Microplitis croceipes

Scientific classification
- Kingdom: Animalia
- Phylum: Arthropoda
- Clade: Pancrustacea
- Class: Insecta
- Order: Hymenoptera
- Family: Braconidae
- Genus: Microplitis
- Species: M. croceipes
- Binomial name: Microplitis croceipes (Cresson, 1872)

= Microplitis croceipes =

- Genus: Microplitis
- Species: croceipes
- Authority: (Cresson, 1872)

Species of wasp

Microplitis croceipes is a braconid wasp native to the US state of Georgia. It is an important parasitoid of caterpillars, including those of major agricultural pests Helicoverpa zea (formerly called Heliothis zea) and Heliothis virescens.

Microplitis croceipes uses its antennae to detect the odor of caterpillar frass, or feces. The wasp deposits a single egg inside the caterpillar; as the wasp larvae mature they feed on the caterpillar, which weakens and dies after the larvae emerge and pupate. The wasp larvae then spin cocoons and pupate inside them. Adult wasps emerge after a week.

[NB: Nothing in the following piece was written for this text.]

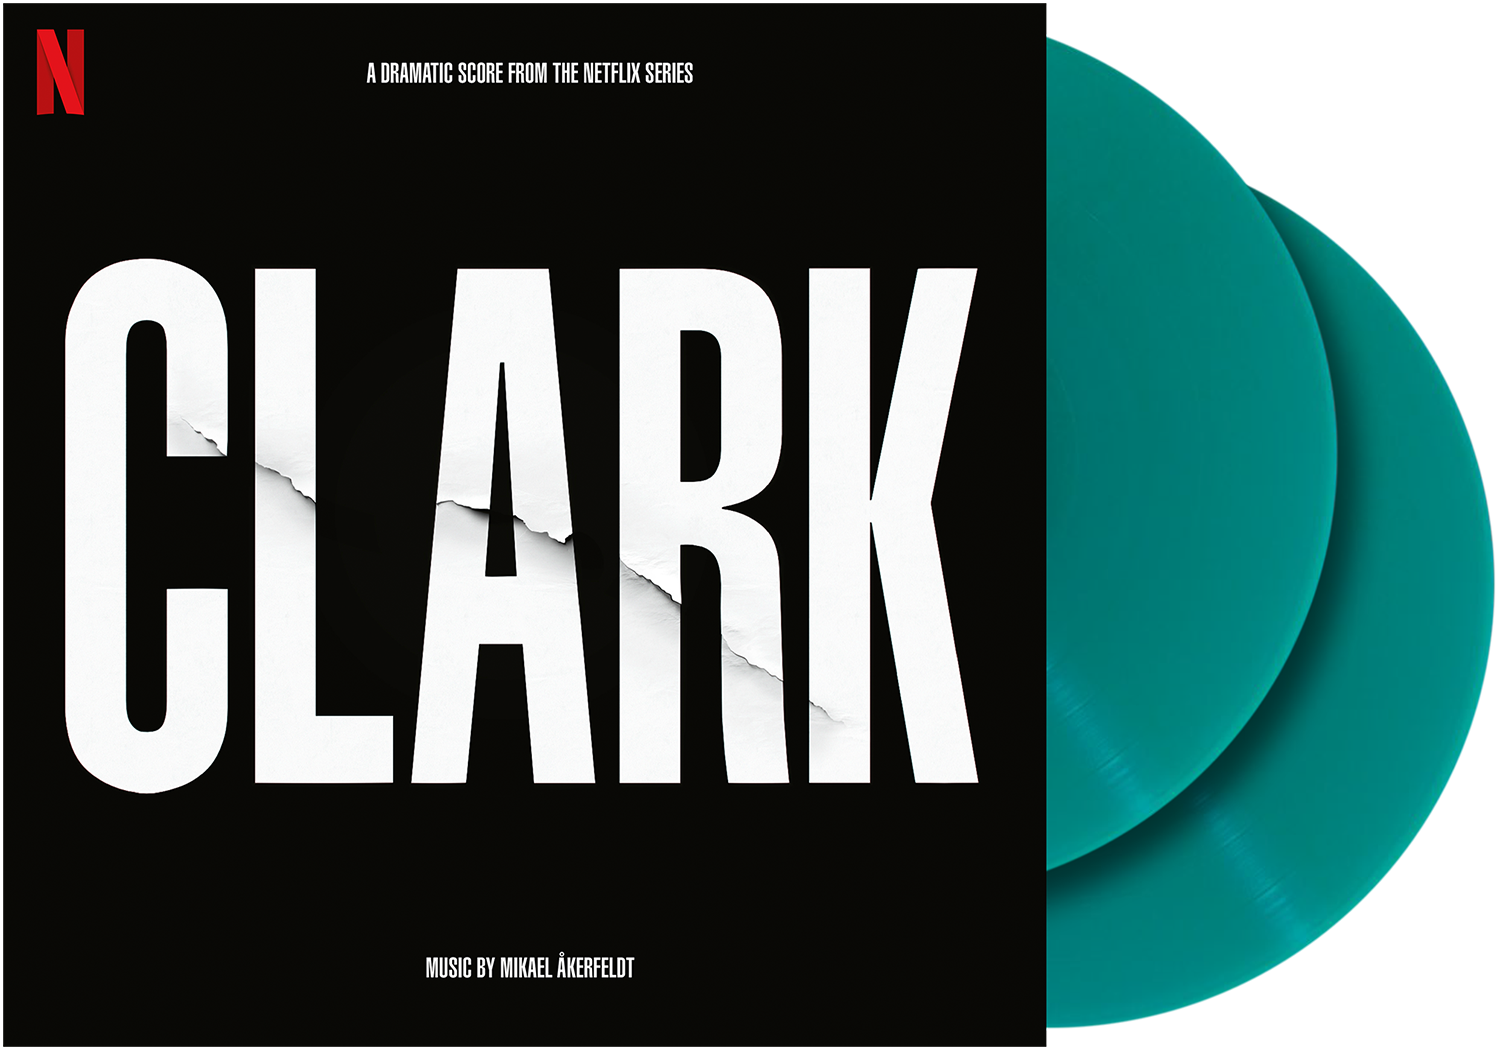 Mikael Akerfeldt - Clark (Soundtrack from the Netflix Series) - LP - farbig - EMP Exklusiv!
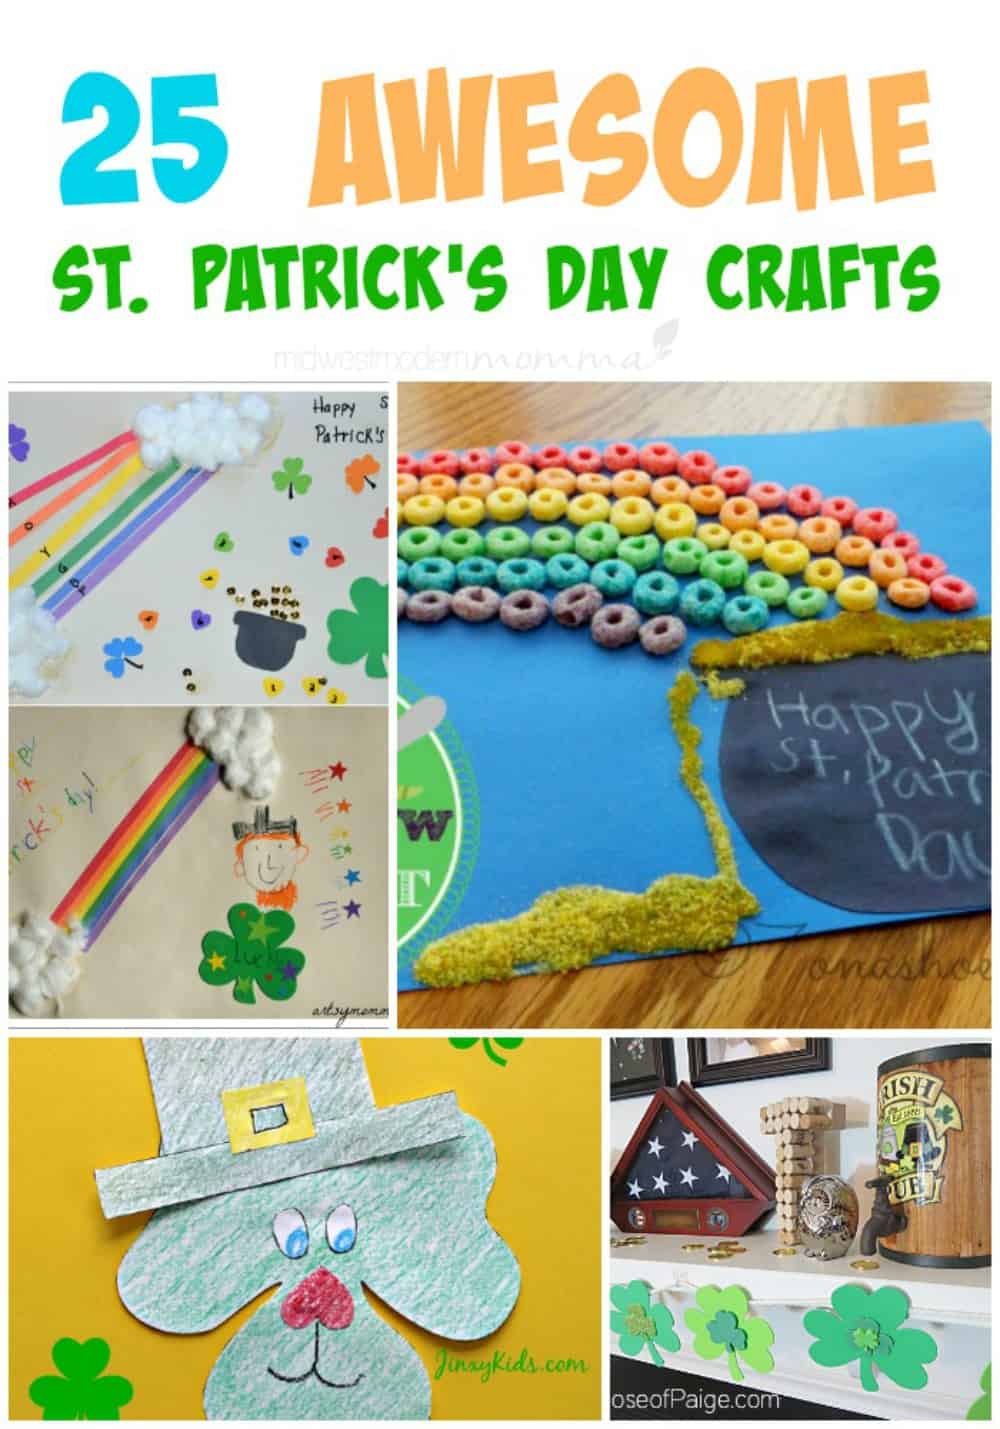 25 St. Patrick’s Day Crafts

Because the olfactory system of M. croceipes is linked to its taste receptors, wasps can be trained to respond to the smell of an arbitrary chemical if the smell is repeatedly presented in association with food (sugar water or caterpillars). The smell of "food" triggers a characteristic pattern of activity, a short-range host-seeking response. Researchers have said that M. croceipes has great potential for use as a biological sensor "due to its ability to be conditioned, respond and discriminate target odors from background odors." The Wasp Hound "portable nose" device depends on trained M. croceipes as its biosensor.